Your answer should be the exact lines of the data below from the one containing "Detective Comics New" through the one containing "sliced of almond"; please include nothing else.

─── Data for processing ───

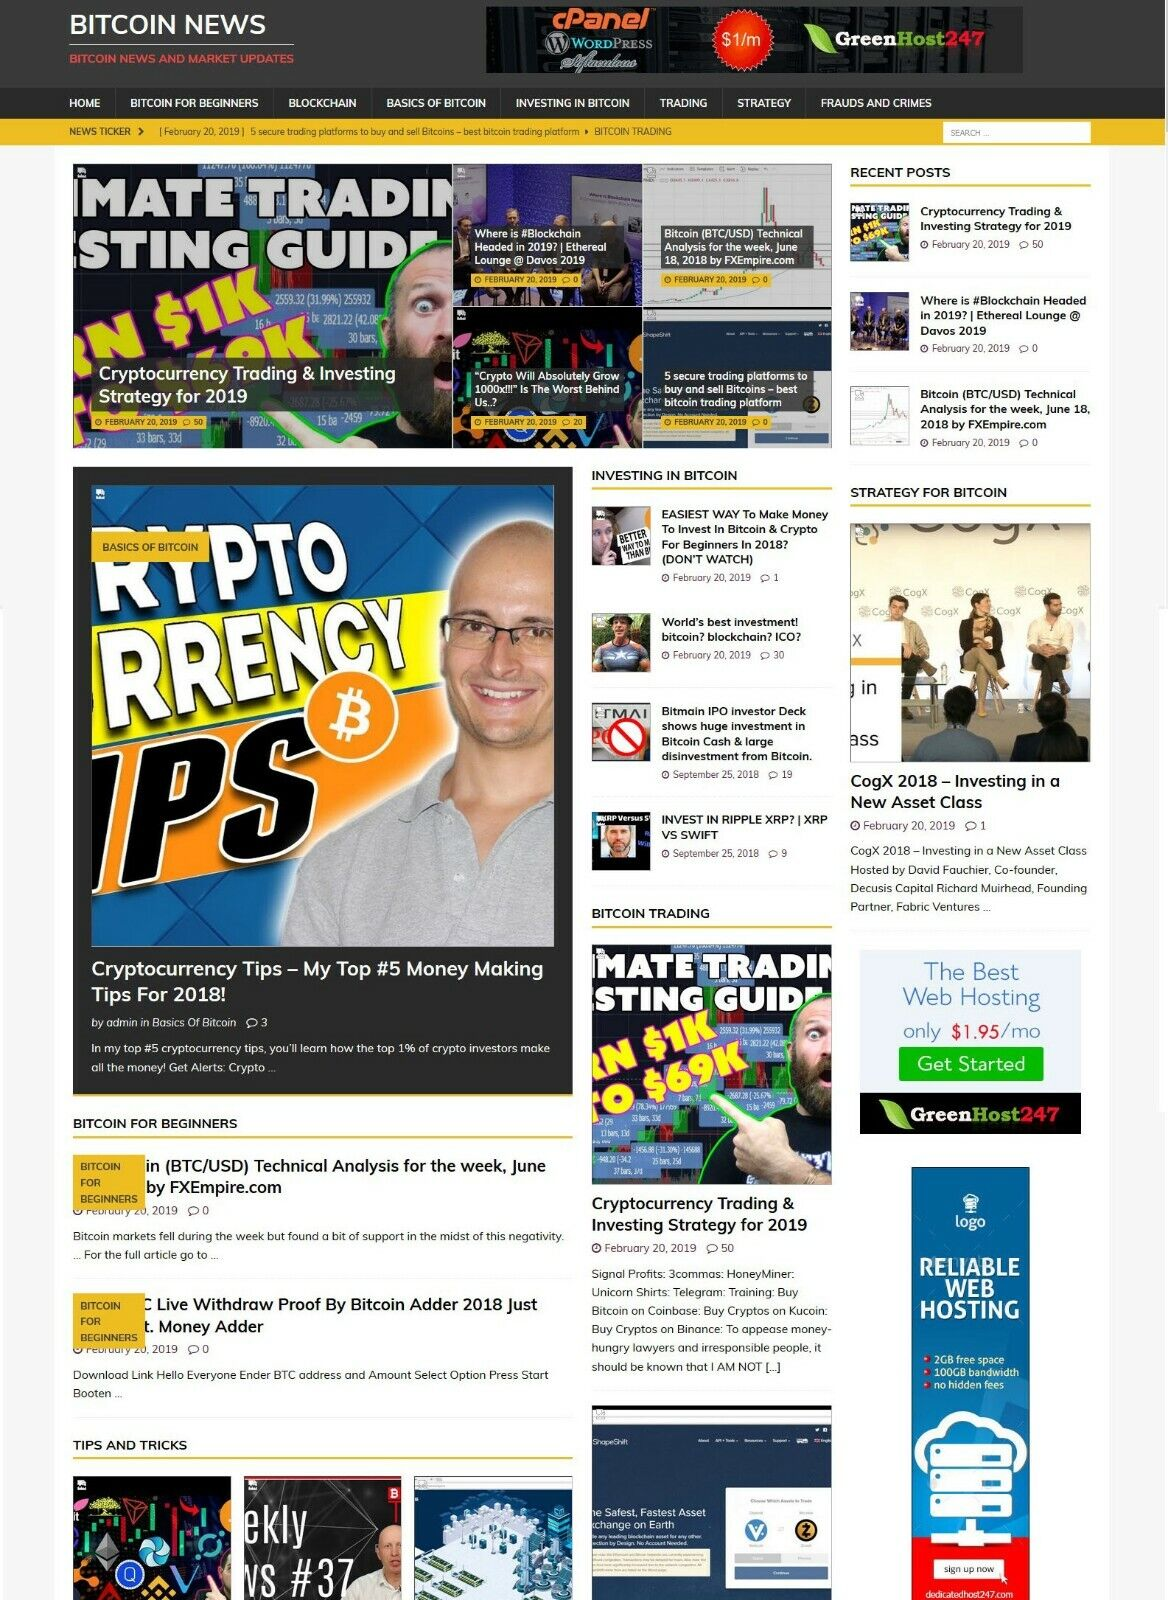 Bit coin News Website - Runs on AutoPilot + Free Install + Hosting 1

───
─── Data for processing ───

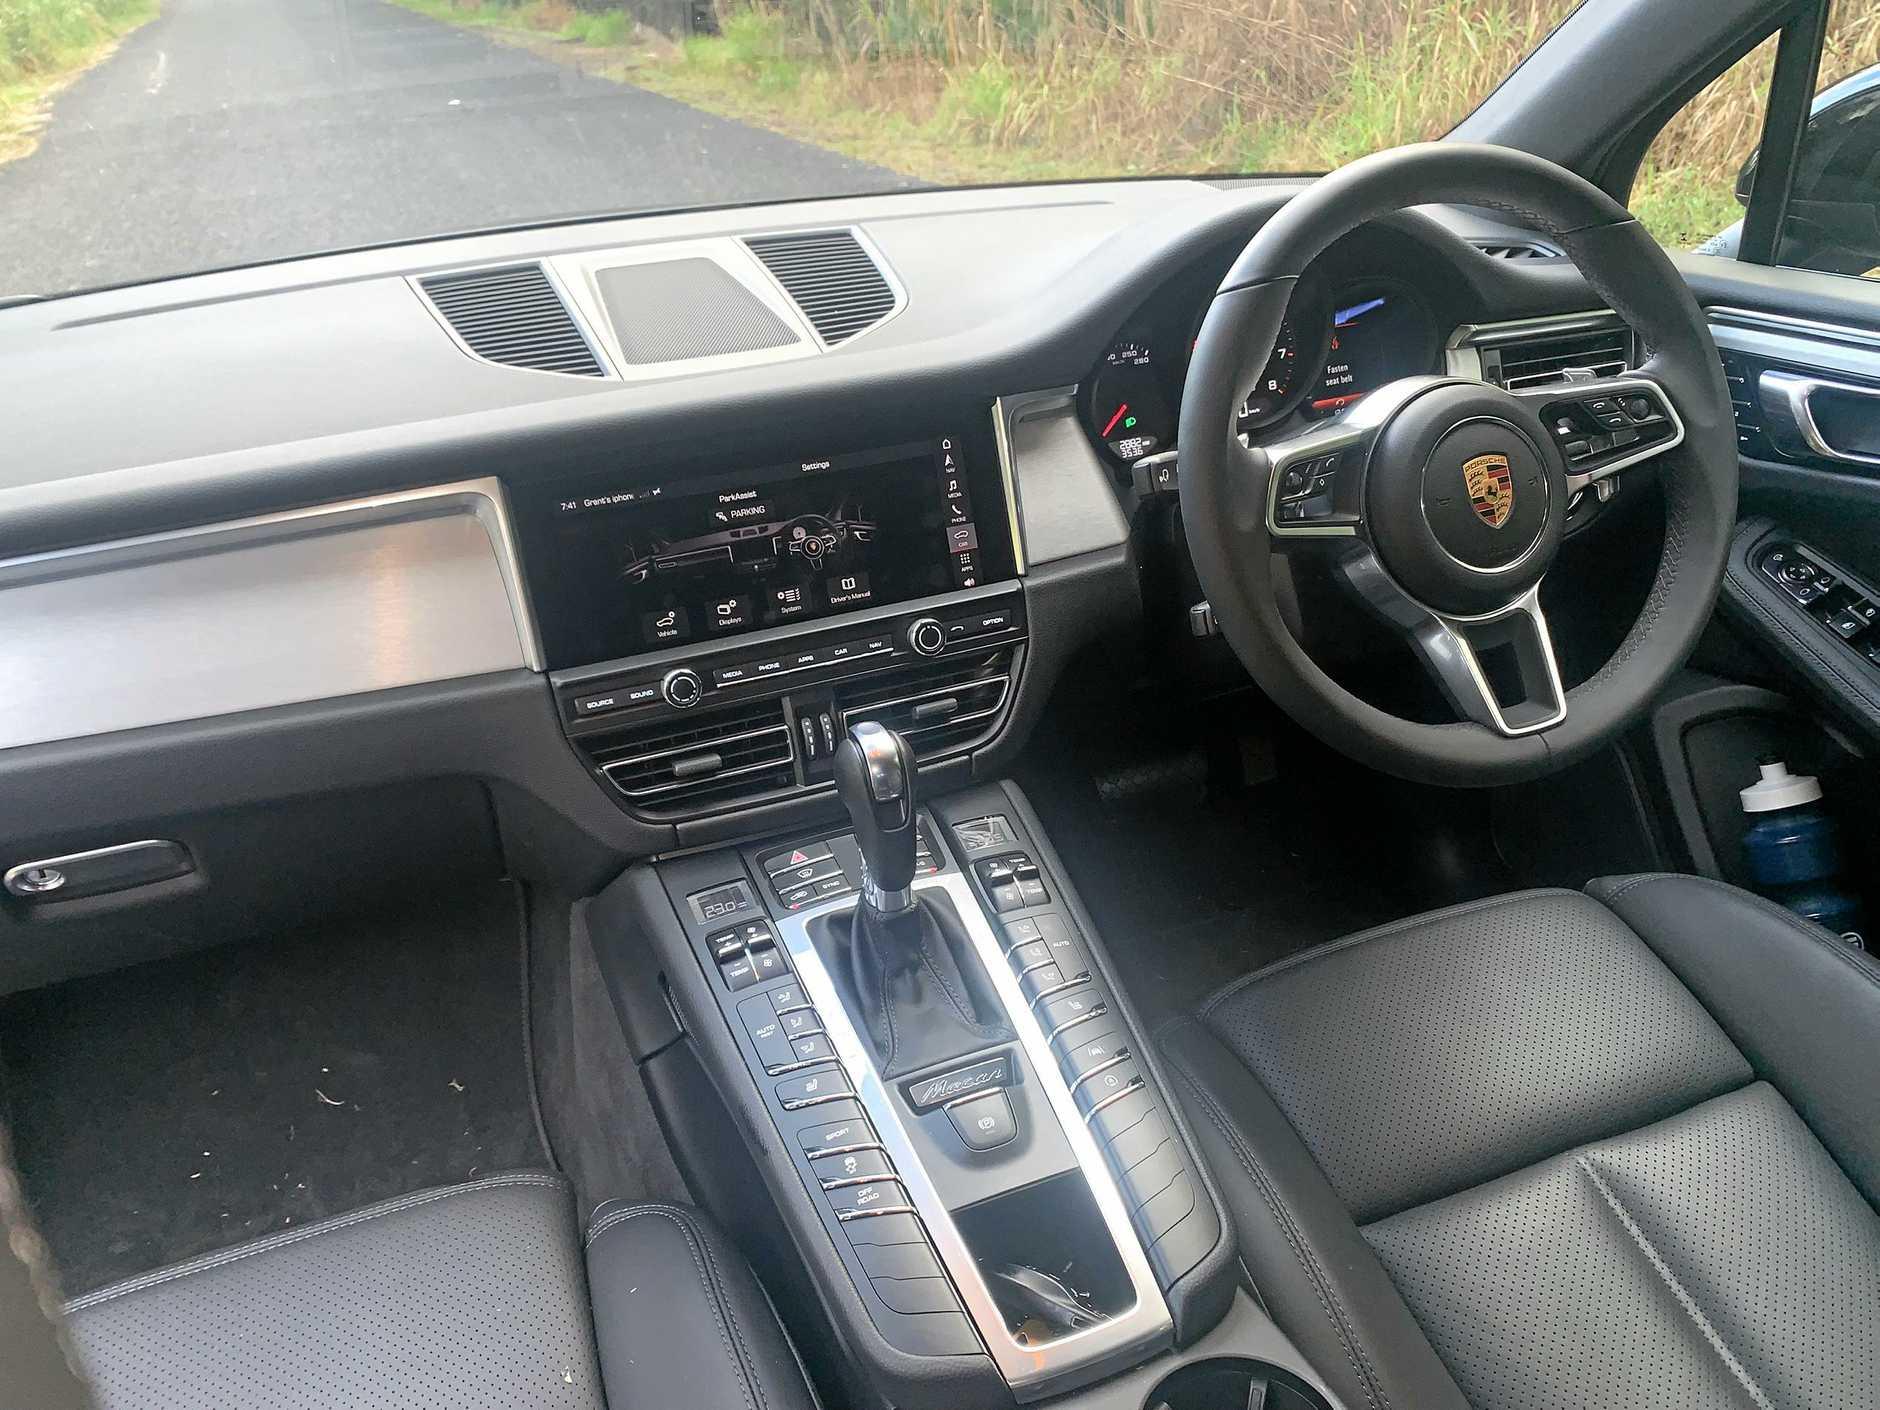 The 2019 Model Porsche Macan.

───
─── Data for processing ───

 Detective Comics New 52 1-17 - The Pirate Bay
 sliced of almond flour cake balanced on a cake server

───

▶ [Your response]
 Detective Comics New 52 1-17 - The Pirate Bay
 sliced of almond flour cake balanced on a cake server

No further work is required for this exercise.